I know I've got a couple of holes in my ducts as well because a bit of fiberglass came up in one of the registers. (This was before I sealed the skirting.) My current thought is to snake a webcam down there and see where the holes are, then just open up the area under the duct, make the repair, and tape the fabric back together.

You may want to get a can of tanglefoot and coat your piers and any strapping, plus put a couple of mice bucket traps underneath the trailer.


----------



## NCLee (Aug 4, 2009)

If you can, turn on the heat with the thermostat set high enough to make sure the fan runs, open all the windows, then go outside for the day. If you have a dead mouse in the vent, the odor will disappear in time. Using heat and air circulation will speed up the process - same principle as drying food in a dehydrator. 

Don't know if taking off all the registers and spraying in Frebrez (sp) will help. You don't want to put in anything, such as baking soda, that will be spread all over the house. 

Here's a thought. Close all the vents. Take off the cover of the one closest to the furnance. Open the vent at the far end of the run. Turn on your furance fan to auto run. Spray Frebrez into the vent closest to the furnace. The force of the air coming from the furnace will help distribute the Frebrez down the duct(s). 
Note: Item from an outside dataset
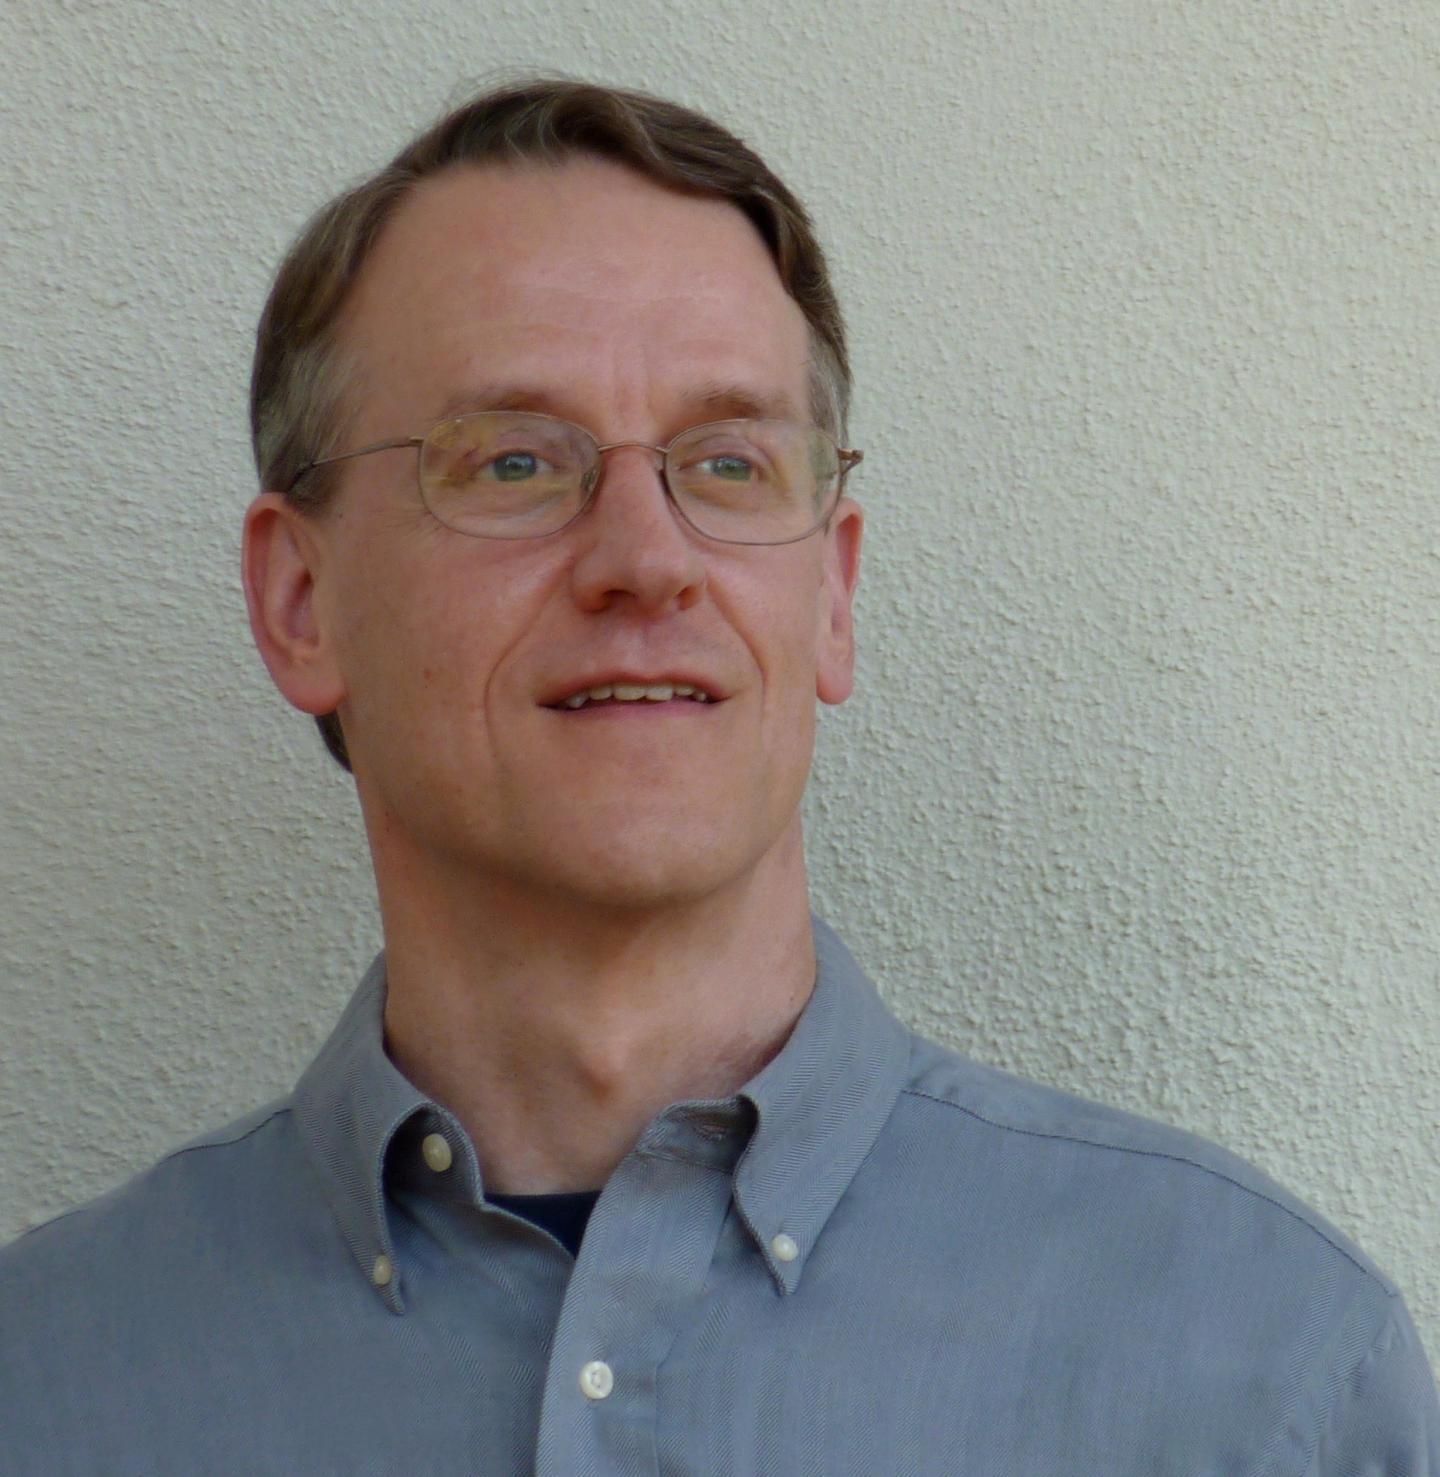 David Kingsley, Genetics Society of America

If your vents are like mine, I can reach in and clean for aways on either side of the vent. Using warm soapy water with a little bleach or Oxyclean may be of some help.

One other thing, use a flashlight and a mirror to look down your vents. If you spot a dead mouse, you may be able to retrieve it with a wire coat hanger that's been straightened out or something similar. If you can't retrieve it, at least you'll know where to go after it from below. It's better to patch a small hole than to rip out a lot of stuff while trying to search.

Hope some of these thoughts are helpful.
Lee


----------



## wyld thang (Nov 16, 2005)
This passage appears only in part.